Analysts[23] indicate that although near-term support for the pair is reinforced by the recent rebound, the broader outlook remains fragile. Medium-term risks still tilt to the downside if US data continues[24] to underperform and the Fed proceeds with more aggressive rate cuts. On the other hand, a stronger US economic report or hawkish Fed remarks could boost the dollar’s appeal and drive the pair upward. The USD/CAD exchange rate remains vulnerable as shifting Fed expectations and solid Canadian data continue to shape the pair’s direction.

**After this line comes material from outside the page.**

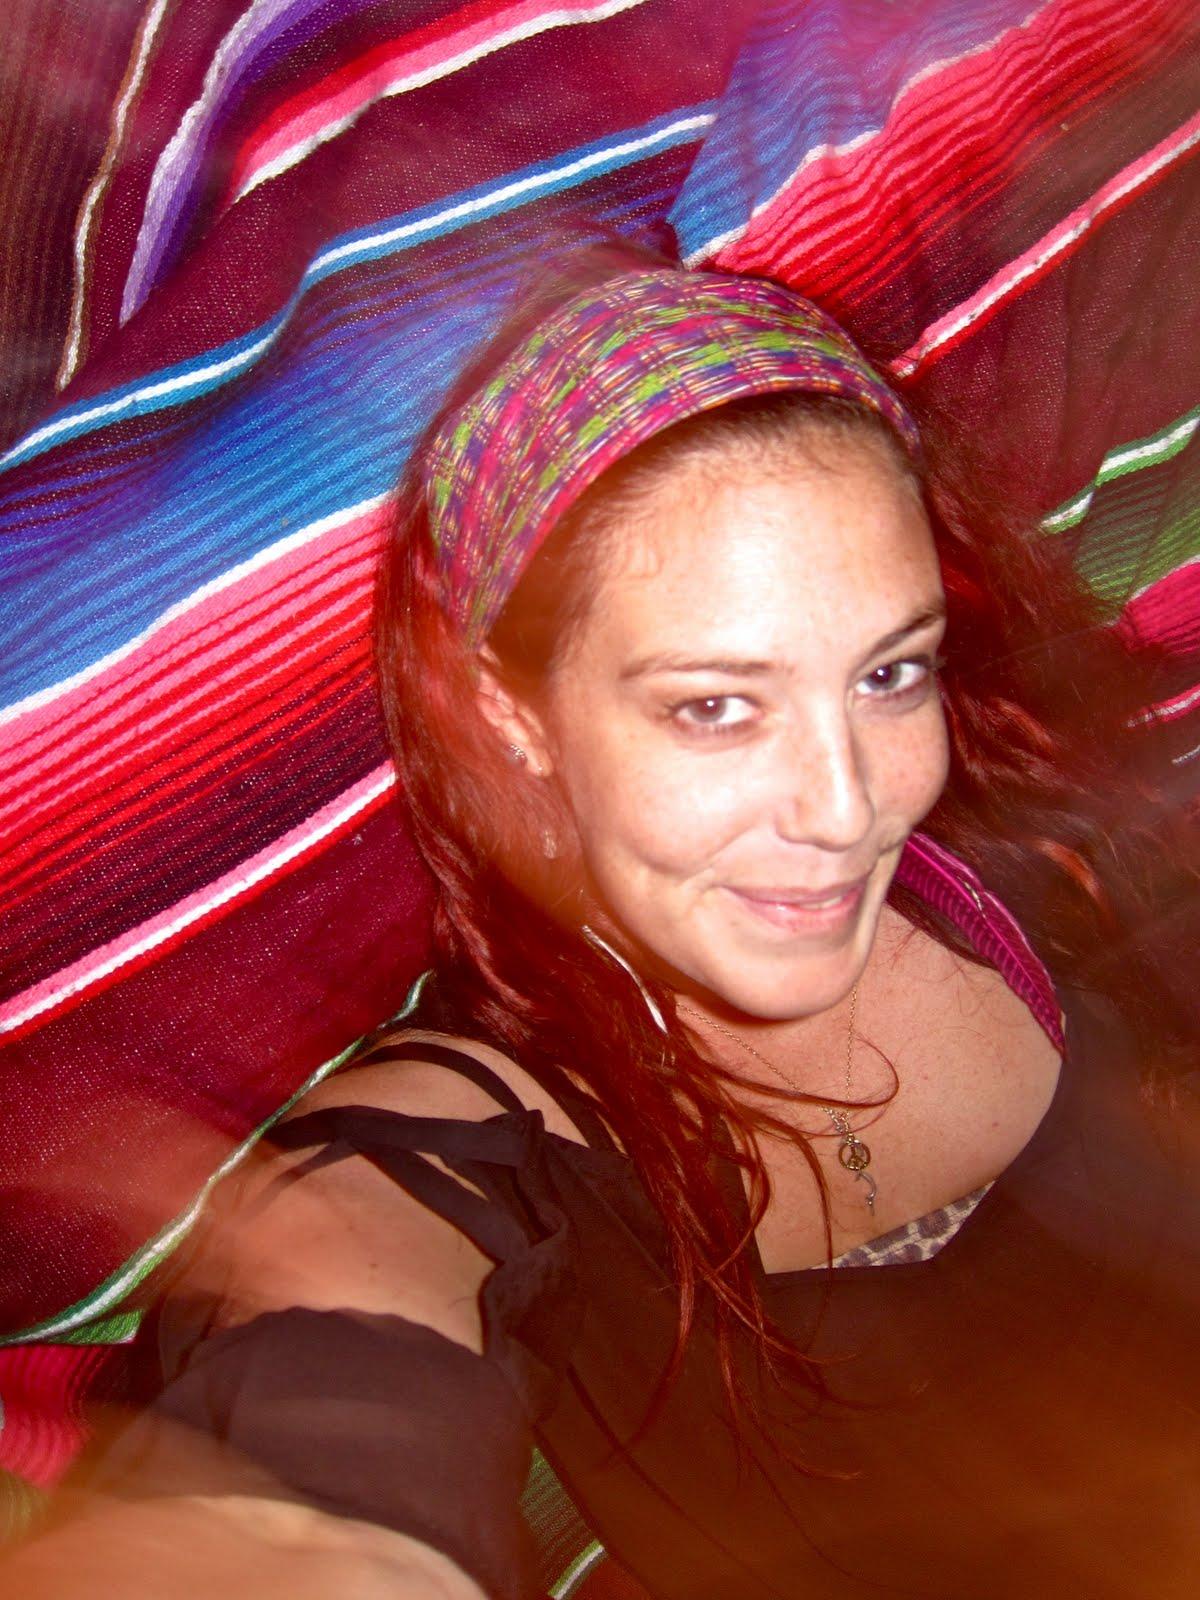 http://2.bp.blogspot.com/-Yy7ajecmNW4/TixBJCRePUI/AAAAAAAAAik/yWQMSI8oBkc/s1600/IMG_3764.JPG

NZD/USD Holds Firm Amid Mixed Market Drivers
The NZD/USD pair traded close to 0.5730[25] during Monday’s European session, following a consolidation of Friday’s rise to a near one-month peak. Price movements have become range-bound in early European trading[26], with the kiwi demonstrating resilience despite weaker Chinese manufacturing figures. This tight consolidation indicates markets are taking a breather after last week’s robust recovery, although the overall short-term bias still leans towards the upside.
Market reports[27] highlight that the disappointing data from China, where the RatingDog Manufacturing PMI slipped back into contraction at 49.9 in November, initially gave little boost to the pair. The release came after weaker official PMIs over the weekend, confirming renewed pressure in both manufacturing and services sectors[28]. However, the muted market reaction suggests some hope around easing trade tensions and recent Chinese policy measures designed to support domestic demand. These factors have helped ease risk aversion and continue to offer modest support for the New Zealand dollar.
Market commentators[29] highlight that at the domestic level, the Reserve Bank of New Zealand’s (RBNZ) recent guidance remains a central influence. The Reserve Bank of New Zealand (RBNZ) implemented a fully priced 25 bps rate cut[30] last week but signalled an end to the easing cycle as the economy showed early signs of improvement. This contrasts with the Fed, where markets are factoring in a strong chance of another rate cut this month. The resulting pressure on the US dollar[31] has helped maintain the pair’s firm tone and supports the view of a gradual continuation of recent gains.
Analysts[32] suggest that looking forward, forthcoming US data, such as ISM surveys and labour market indicators, will be carefully watched for further signs of economic slowing. Any fresh indications of weakening activity are likely to put pressure on the dollar and provide additional short-term support to the pair. However, medium-term risks remain, especially if worries about global growth resurface or Chinese momentum further declines, potentially restricting upside moves.